Sergei Lukashevsky on Vladimir Putin’s controversial article

15 July 2021

In the photo Sergei Lukashevsky, director of the Sakharov Center, member of the Moscow Helsinki Group

Source: Moscow Helsinki Group [original source: Russian Service “Voice of America”]


The response to the article by President Vladimir Putin “On the Historical Unity of Russians and Ukrainians” is not dying down.

As a reminder, the large-scale work under the byline of Putin was published on June 12 on the Kremlin website in two languages, Russian and Ukraine, and elicited massive objections from experts, most of all from the community of historians. 

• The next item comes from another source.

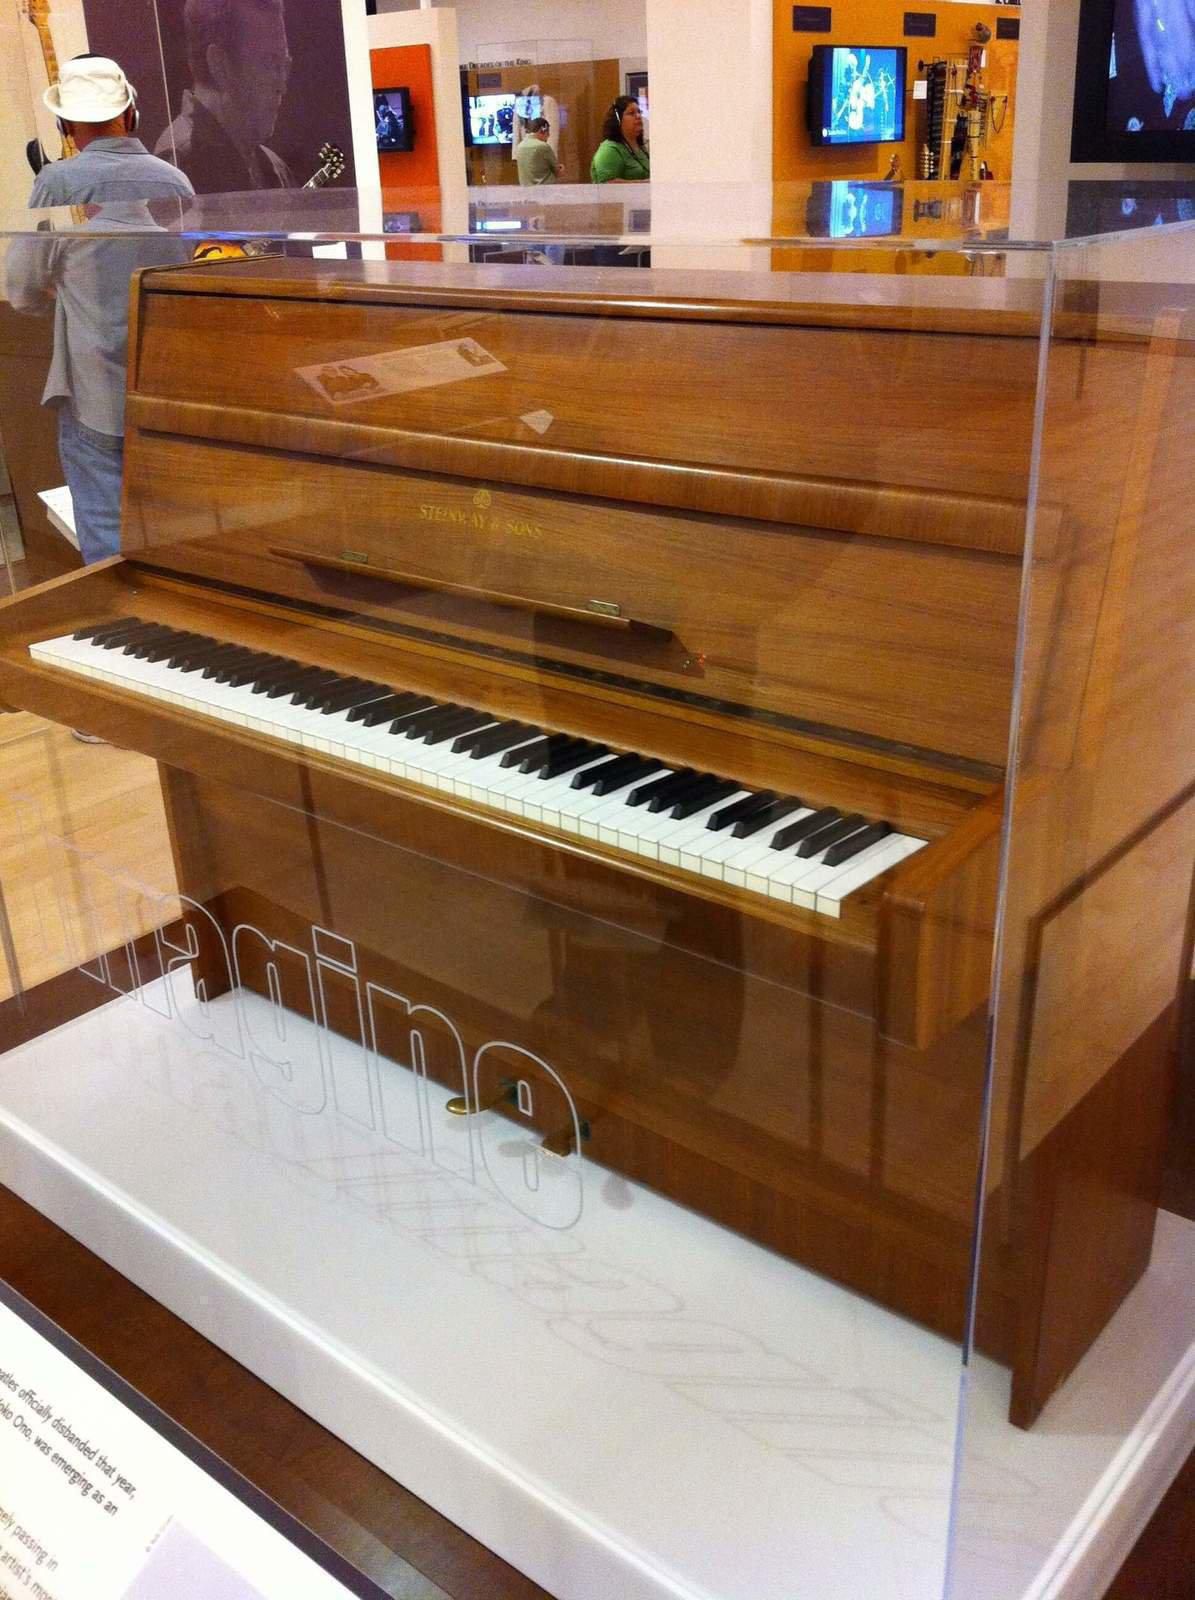 2 One of John Lennons Steinway pianos

Yesterday, the press secretary of the head of the Russian state, Dmitry Peskov, was forced to comment on it.  As he put it, Putin “is not endorsing the choice of the Ukrainian people.”  Peskov further explained that the president says in the article that “they come to power in Ukraine with certain slogans and promises, and then a different line is followed.” 

The Russian Service of “Voice of America” asked Russian experts for their opinions on the controversial article. 

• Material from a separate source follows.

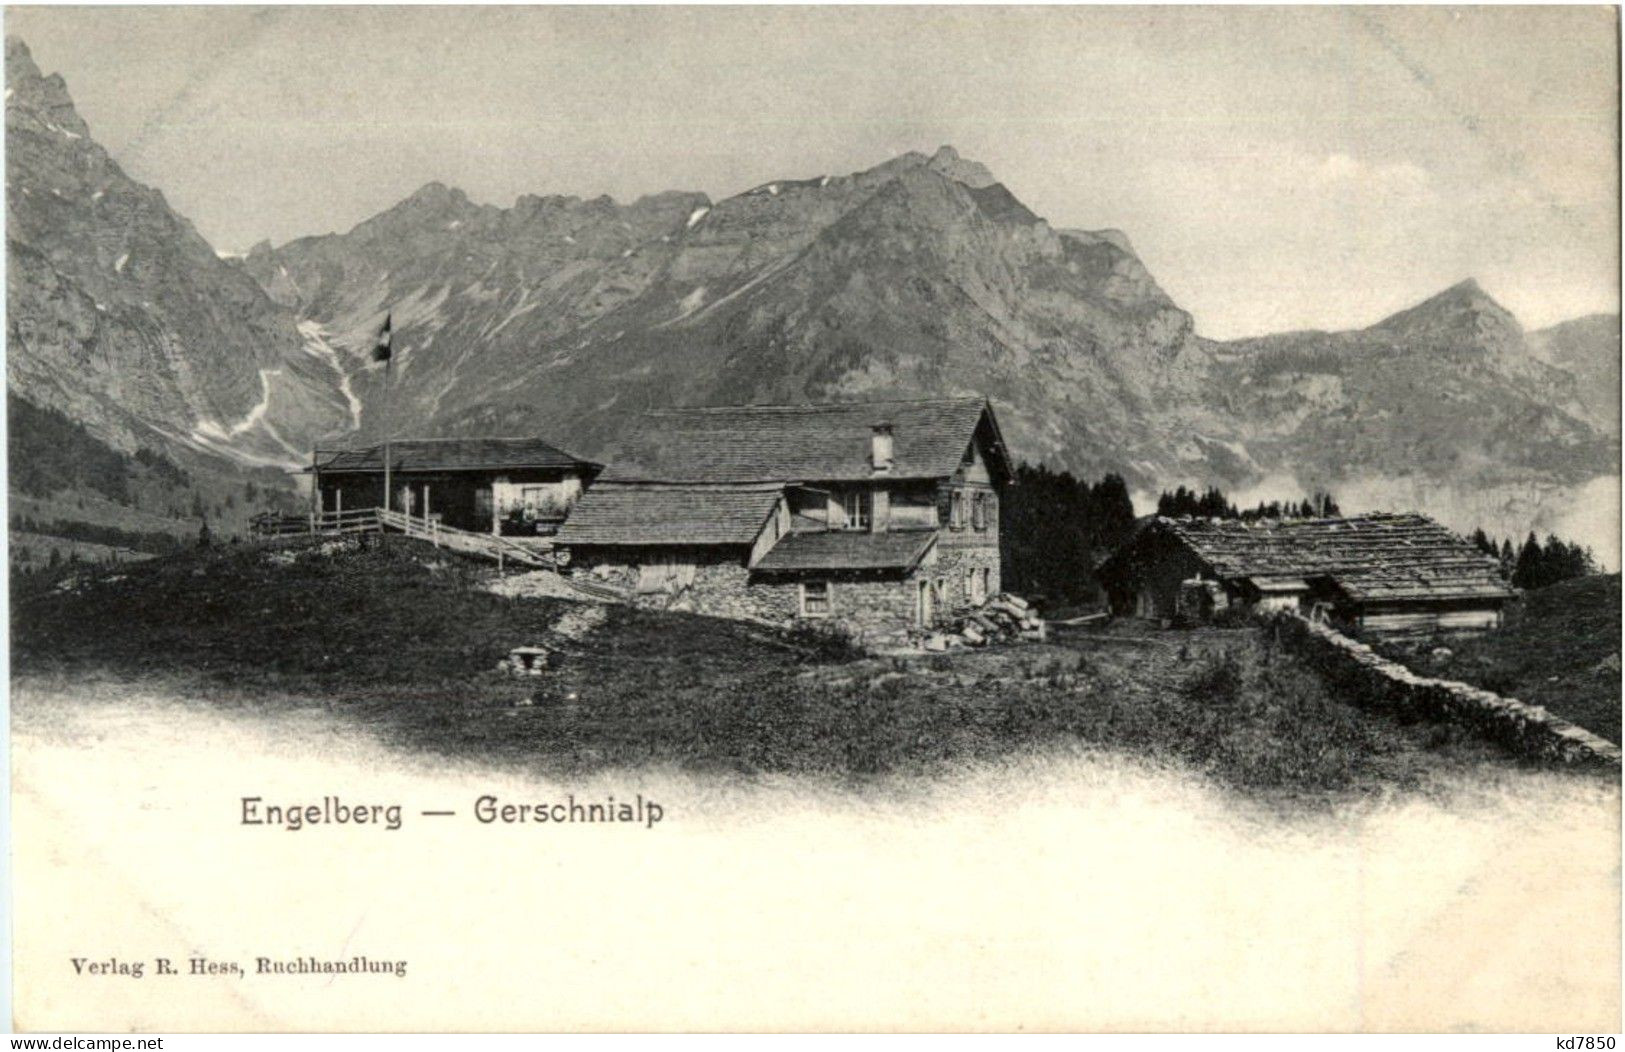 Engelberg - Gerschnialp - Engelberg

The Executive Director of the Sakharov Center and member of the Moscow Helsinki Group, the historian Sergei Lukashevsky, did not focus his attention on the deliberate or unintentional mistakes in the artiсle.  It seems to him that the question is how historical events were interpreted.  “Moreover, what is much more important here is what is not said,” he believes. “Thus, talking about the events of the 17th century, the Pereyaslav Council, Putin interprets the events in the spirit of a classic Soviet history textbook on the unification of the Russian and Ukrainian peoples. There exists, however, a well-founded alternative interpretation, according to which Bogdan Khmelnitsky, as the leader of the Ukrainian uprising, was looking for various ways to create and preserve his own state.  Ultimately, after a number of defeats by the armies of the Polish-Lithuanian Commonwealth, he was forced to agree to what was not the best option, autonomy within the Moscow tsardom.  A significant number of historians think that Khmelnitsky sought independence for his country, not the possibility to join or reunite with someone. Putin also totally leaves out the fact that the leaders of the Moscow tsardom were at not burning with any desire at first to receive into their fold the new territories, since they understood that they would have to deal with a society that was used to freedom, and that to incorporate it into the despotic system of the tsardom wouldn’t be immediately successful.  History is indeed multi-faceted and complicated.”

In point of fact, according to Sergei Lukashevsky, it is not a monograph on the topic of Ukrainian history but an ideological article with a particular goal.  It seems to him that one should start from the premise that the current Russian regime truly lacks a distinct ideology. “And it’s not only about the fact that a state ideology is forbidden by the constitution. If it is necessary, they manipulate the basic document of the land here with relative ease.  The problem is that such an ideology is, in reality, most profoundly lacking,” concluded the human rights defender.